Galectins role as predictive markers for anti-PD-1-based immunotherapy in non-small cell lung cancer.

111 Background: Checkpoint inhibitor-based immunotherapy is opening a promising scenario in oncology with objective responses registered in several tumors. However reliable predictive markers of tumor responsiveness are still lacking. These markers need to be urgently identified for a better selection of patients candidate to immunotherapy. In NSCLC setting, the pleiotropic molecules Galectin 1 and 3 regulate apoptosis and tumor immune-escape and are in the right position to play as predictive marker in anti-PD1 based immunotherapy. Methods: 27 consecutive patients with non small cell lung cancer (NSCLC) stage IV, treatment-naive, selected on the basis of PD-L1 tumor proportion score (TPS) ≥ 50 % were considered for immunotherapy with anti PD-1 antibodies as a first-line treatment. Patients assessments were conducted at baseline and after 3 cycles of therapy (week 12) and classified according to immune-related response criteria (iRECIST).

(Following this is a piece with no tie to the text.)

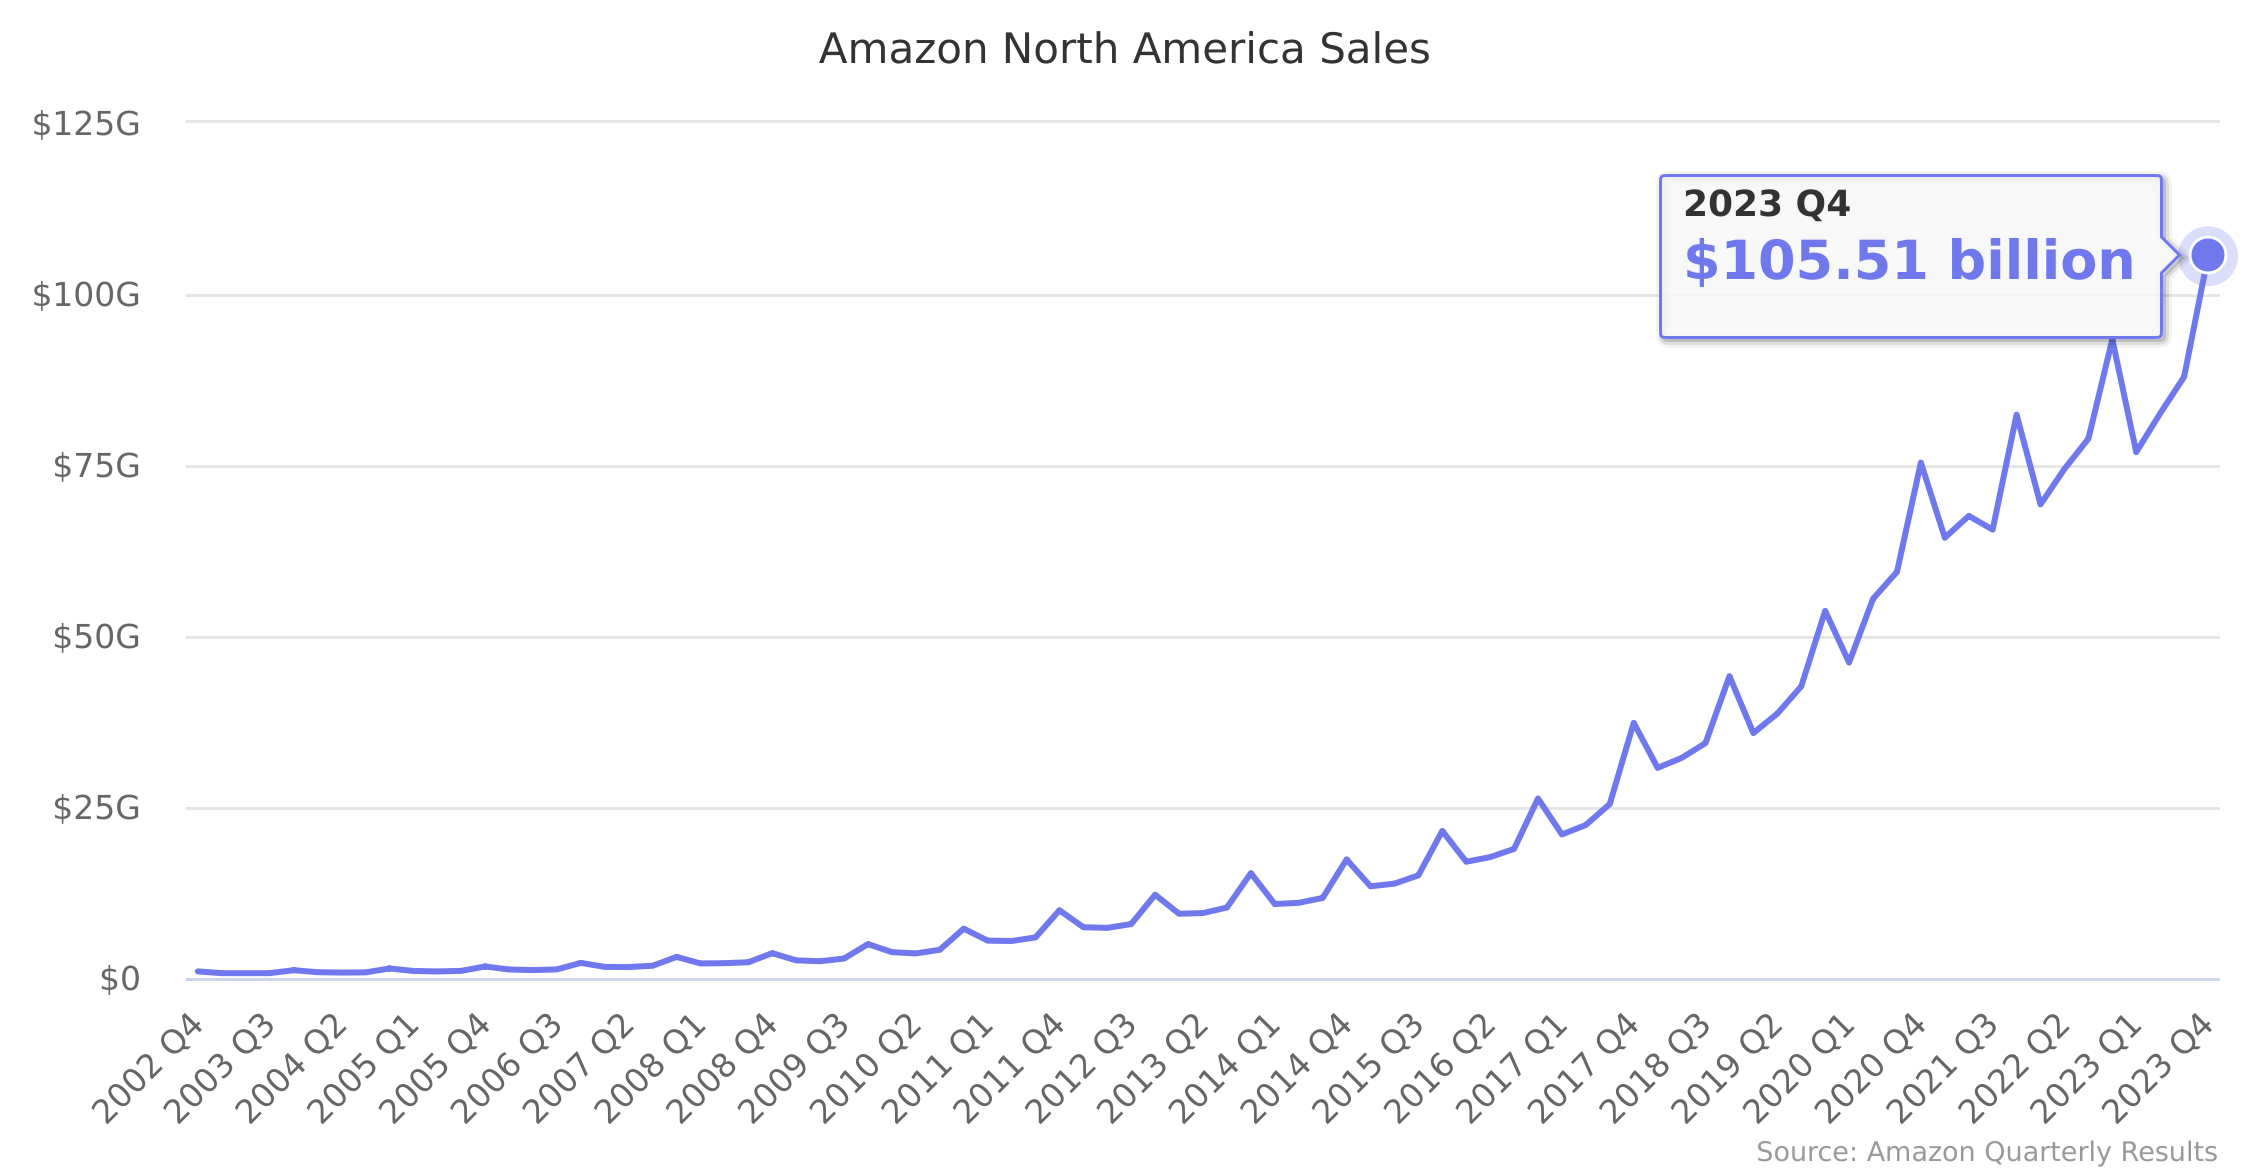 Amazon North America Sales

Immunohistochemical analysis was performed on primary tumor biopsies before treatment in order to evaluate Gal-1 and Gal-3 expression both in cancer cells and tumor interstitium. Tumors were grouped in 2 different classes depending on the expression level of these molecules. Results: In our preliminary data there seems to be a strong correlation between the responses to anti-PD-1 treatment and a low-intermediate expression of intratumoral Gal-3 and interstitial Gal-1. In fact, all patients in the intratumoral Gal-3 low-intermediate expression group had an excellent response to immunotherapic treatment (10/10 patients), while 15/17 patients with high intracellular Gal-3 expression had clinical and radiographic progression of the disease after only three cycles of treatment, despite the high expression of PD-L1. In contrast, 8/11 patients with a low-intermediate interstitial expression of Gal-1 had an excellent response to treatment, whereas in the group with high interstitial expression of Gal-1, the response rate was drastically lower (5/15 patients). Conclusions: The expression of interstitial Gal-1 protein and intratumoral Gal-3 protein appear to be a good candidates as predictive markers of response to immunotherapy.